Por las noches me pedía quitarle las botas que aparentaban una segunda piel, mi
madre hervía palos de canela cuyos vapores se paseaban por la casa invitándonos a la
mesa, frijoles con chiles para cenar y las historias inventadas por mi viejo amenizaban
la velada. Que a Don Cande ya se le va a casar una hija porque resultó encinta, que
Filomena se cayó en el arroyo y ni el diablo la quiso, la sacaron todita revolcada pero
intacta, y que si fue y vino el padrecito de la ciudad, trayendo consigo las bendiciones
del cardenal.
Yo no entendía la mayoría de lo que platicaba y me conformaba con seguir el ritmo de
su bigote, donde se columpiaban las gotitas de canela en un acto de malabarismo, mi
madre le decía que sí a todo, y a veces hasta se sorprendía de como los decires del
pueblo volaban con las polvaredas hasta donde mi apá regaba los surcos.
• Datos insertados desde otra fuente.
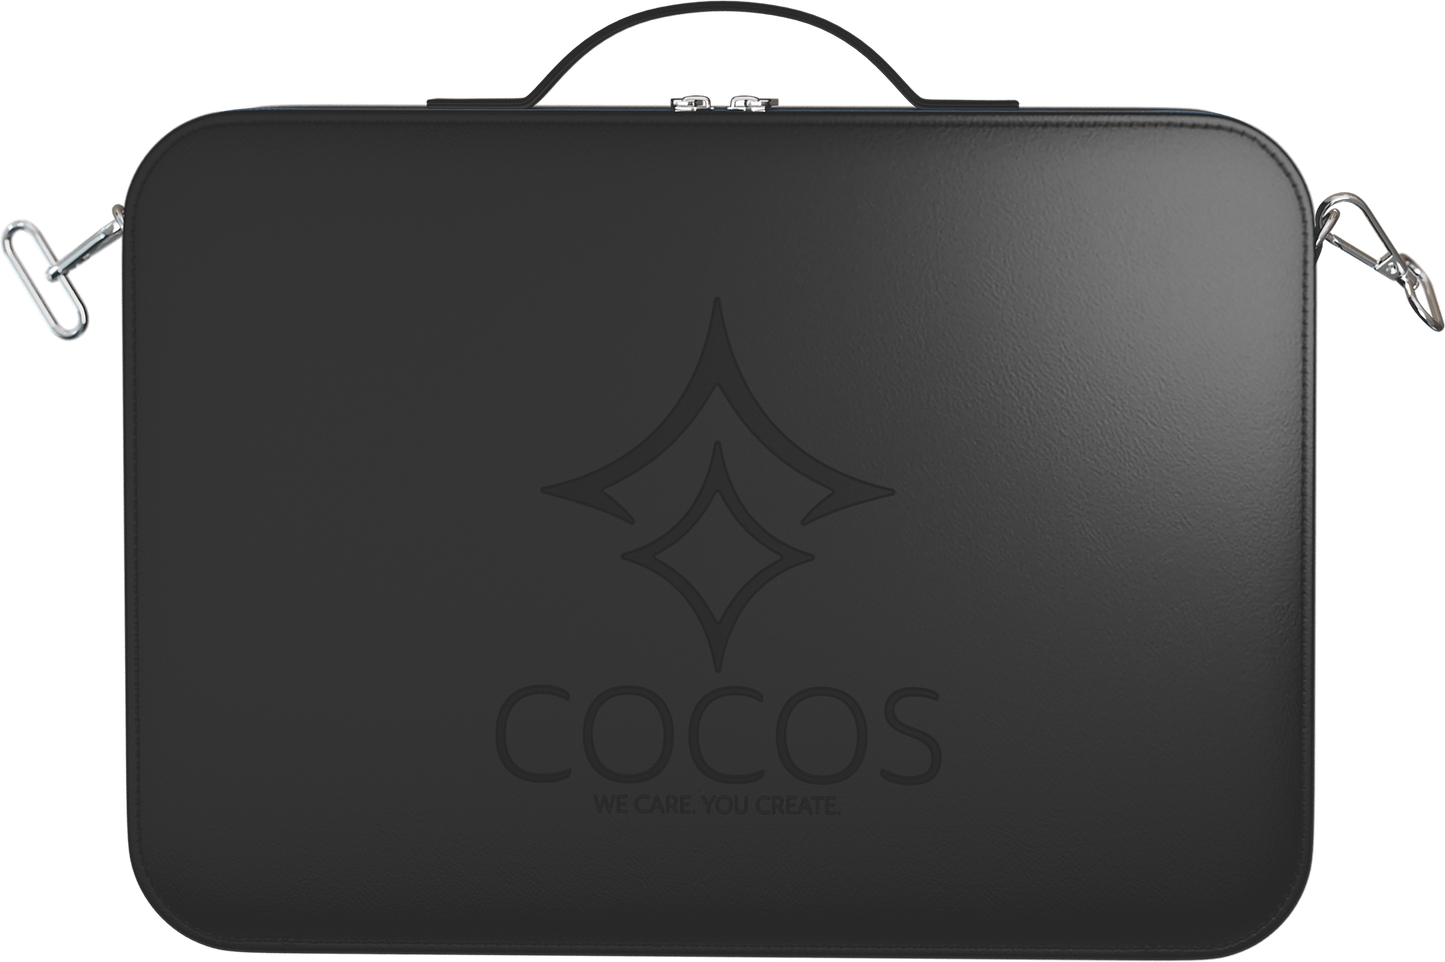 COCOS cosplayer box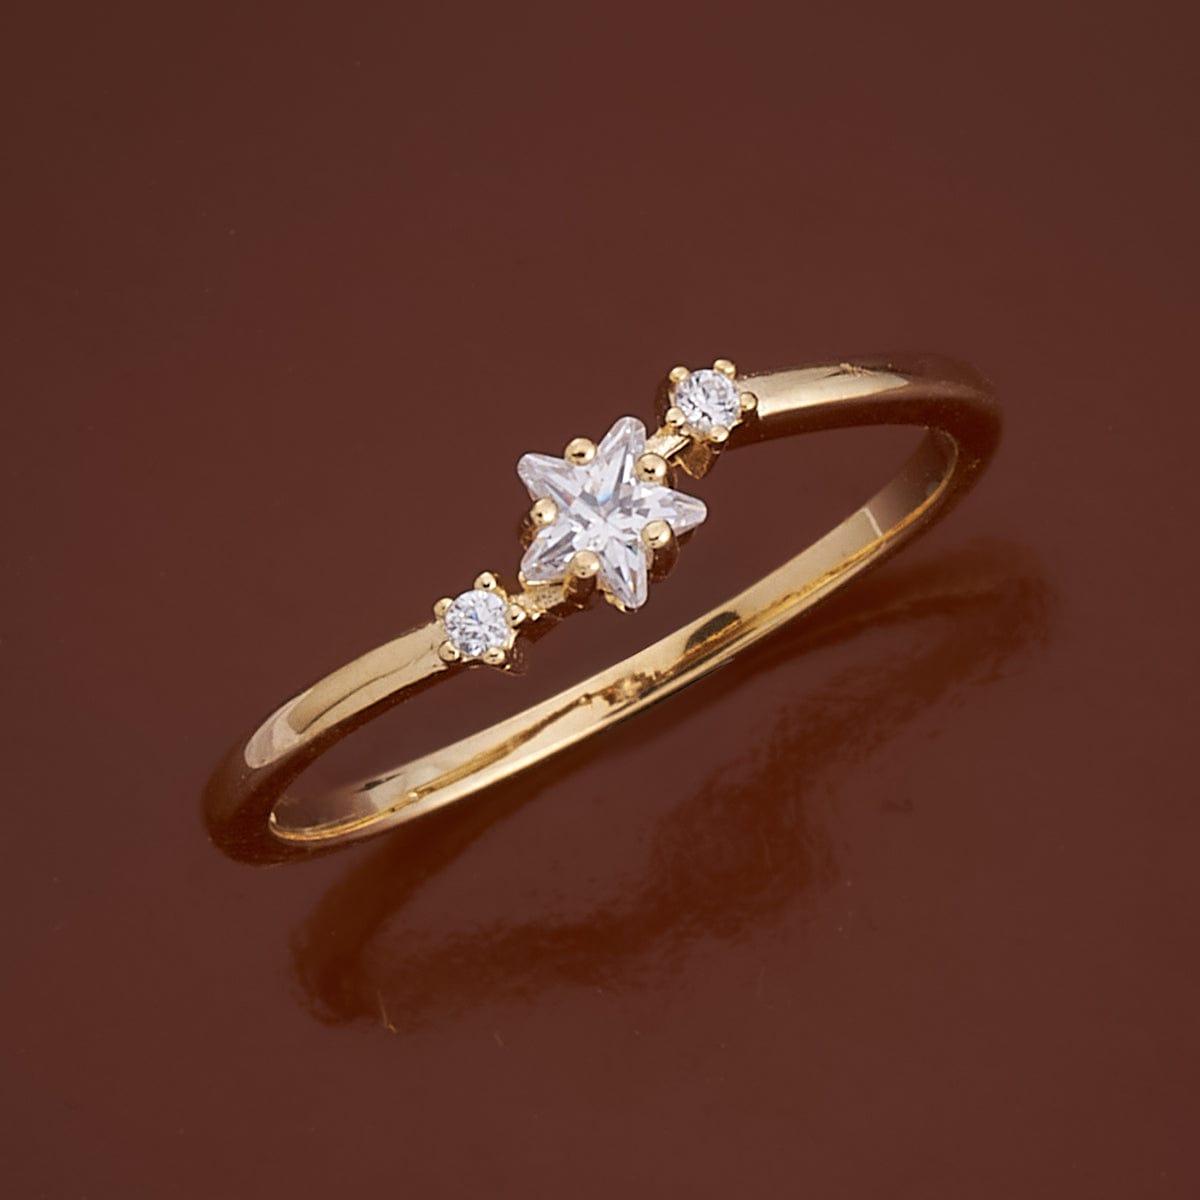 Gold rings jewelry | Gold finger rings | Gold rings aesthetic | Fashion  jewelry | #Gold #Ring #Women | Desain cincin emas, Desain cincin, Perhiasan  emas

Así pasaron los años y me fue convidando sus fuerzas, de a poco en poco se encogió de
cuerpo, la tierra del campo se le metió en la piel e idénticos surcos dibujaron su rostro,
pero a pesar de todo era el mismo, quien le cantaba a la luna y retrataba con sus
palabras un mundo que yo solo conocía por las imágenes que sembraba en mi mente,
historias que fue olvidando, junto con nuestros rostros y el nombre de sus propios
hijos.

No tardó en permanecer anclado a una silla, medicado todo el tiempo a espera de un


milagro que no llegaría jamás. Ponto confundía a la gente y, una de esas noches en que
no quisimos separarlo de su piedra favorita al pie de una nopalera, miré en sus ojos lo
mismo ahora veo. Abrió los brazos y reclamó el amor de su padre ausente, a espera de
ser correspondido.

−Dame un abrazo, que ya es tarde – no pude negárselo y quedito me dijo –te extrañé,
papá.

Bien dicen que la gente sabe cuándo le toca descansar, así le pasó a mi viejo y creo
comprender el porqué, ahora espero ser digno de que algún día me llame a reunirme
con él, en un abrazo idéntico al que ahora le doy a mi hijo.